李成欢微微一僵,见她神色自若,强行忽略变快的心跳,把方才获得的奖励说了一下,眼下她们有三十八桶水了。
姜浸月眸光深深,“我以为你有别的话对我说。”
她们今日已写下结亲书,即便没有去官府报备,有这么多人见证,按惯例也已结为妻妻,这个人难道只想说这些吗?
李成欢怔了怔,别的话?什么话?
见姜浸月久久地盯着自己的脸看,李成欢福至心灵道:“我的脸是不是脏了,我们现在不怎么缺水了,要不要擦擦脸。”

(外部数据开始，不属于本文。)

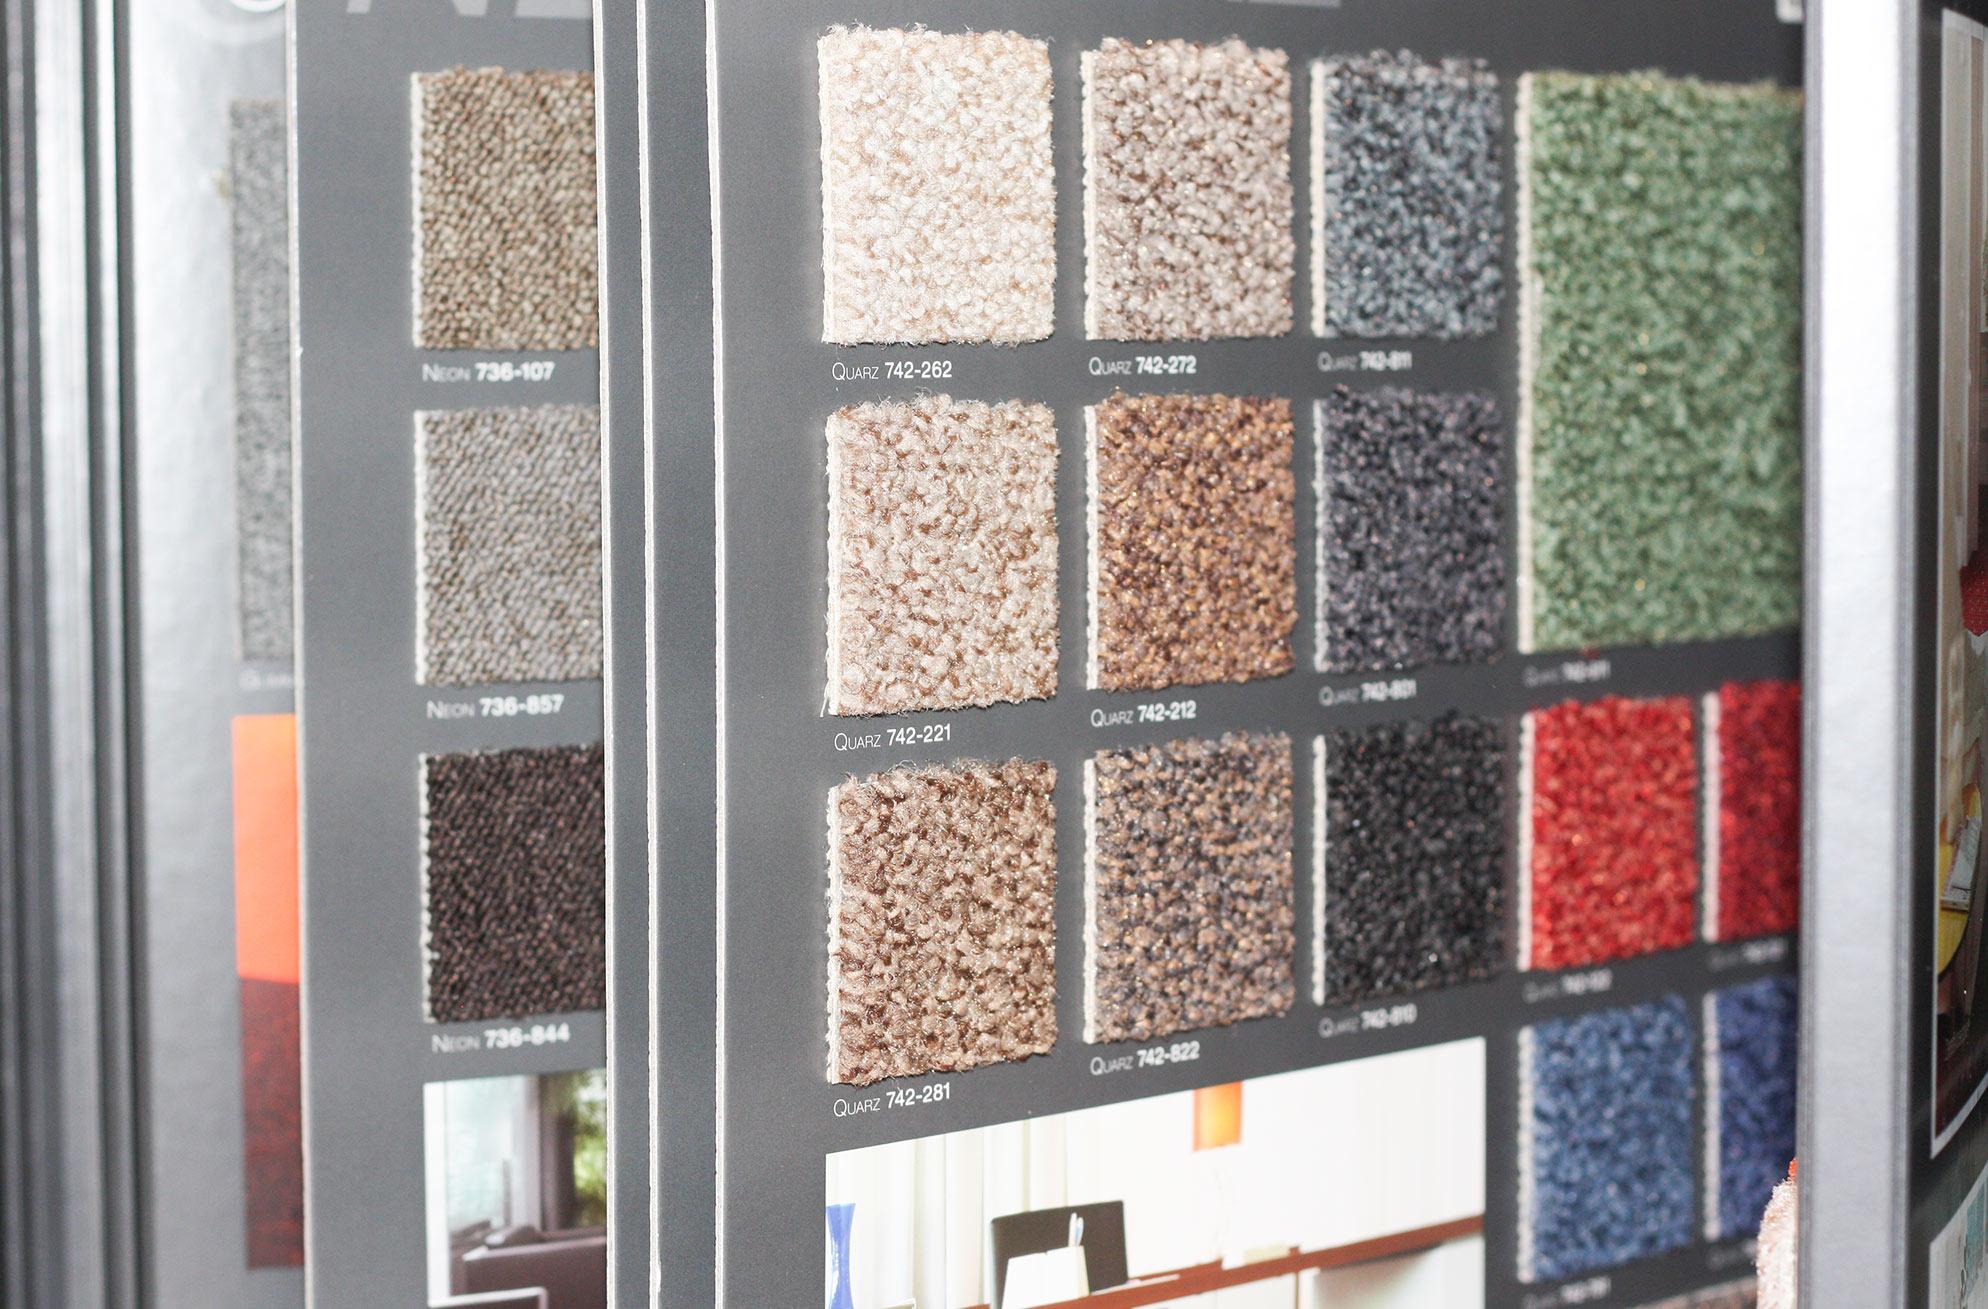 Große Auswahl an Bodenbelägen und -beschichtungen

说罢,她摸了摸身上的囚衣,手感粗糙,显然不适合用来擦脸,那就用里衣。
她们外面虽然穿的是囚衣,但里衣都是自己的,原主的里衣是棉布织成的,很是柔软,就是吧……有点汗味。
李成欢尴尬地放下自己的衣领:“我这几天出了点汗,嫂子若不嫌弃,便将就着用。”
姜浸月眼底幽沉一片,叹息般道:“用我的吧。”她不怎么出汗,里衣虽几日未换,但仍有皂角香。
第32章
:不过是接吻,多大点事儿
“好啊。”李成欢说完,见姜浸月没有动弹的意思,不由问道,“要我帮你撕吗?”
姜浸月眸光轻闪一下,“也可。”话落,她主动掀起囚衣的一角,露出白色的里衣。
李成欢微微挑眉,女主还真自觉,知道她想刷奖励,连这种机会也给她留着。
在心里吐槽两句,她直接伸手,用力一撕,呃……
没撕开!
“嫂子,你这衣服不是棉的吧?”李成欢撚了撚手里的布料,摸起来滑滑的,还很厚实,跟原主身上的薄棉里衣明显不是一种材质。
“嗯,是掺了蚕丝的绸缎。”姜浸月莞尔,她并非什么都想劳烦李成欢,而是想看到少女更多不同的情绪,仿佛是一件很有趣的事,能让这沉闷寡淡的日子变得丰富些。
李成欢:“…”忘了冷美人嫂子出身世家大族,哪会跟原主穿得一样。
她想了一下,“我叫成乐来吧,她力气大。”说罢便想起身。
“不必。”姜浸月伸手按住她的肩,语气幽幽,“我有手帕。”
李成欢看着她从袖中抽出一个四方棉帕,有些无语,你有不早说。
不过……
“嫂子,你身上还有什么东西吗?”
虽然抄家来得突然,但大家或多或少地都藏了点东西在身上,比如被顾老大等人搜刮到银票和各种值钱的小物件。
冷美人嫂子家世显贵,会不会藏了巨额银票在身上?
姜浸月摇头:“没了。”彼时,她穿着嫁衣,那些用来做新娘打扮的珠钗首饰都不适合藏,尽数被搜了个干净,也就只有手帕没有被拿走。
李成欢默然,好吧,想太多了。
她把手帕接过来,就这么面对着面拿出一杯水,直接打湿。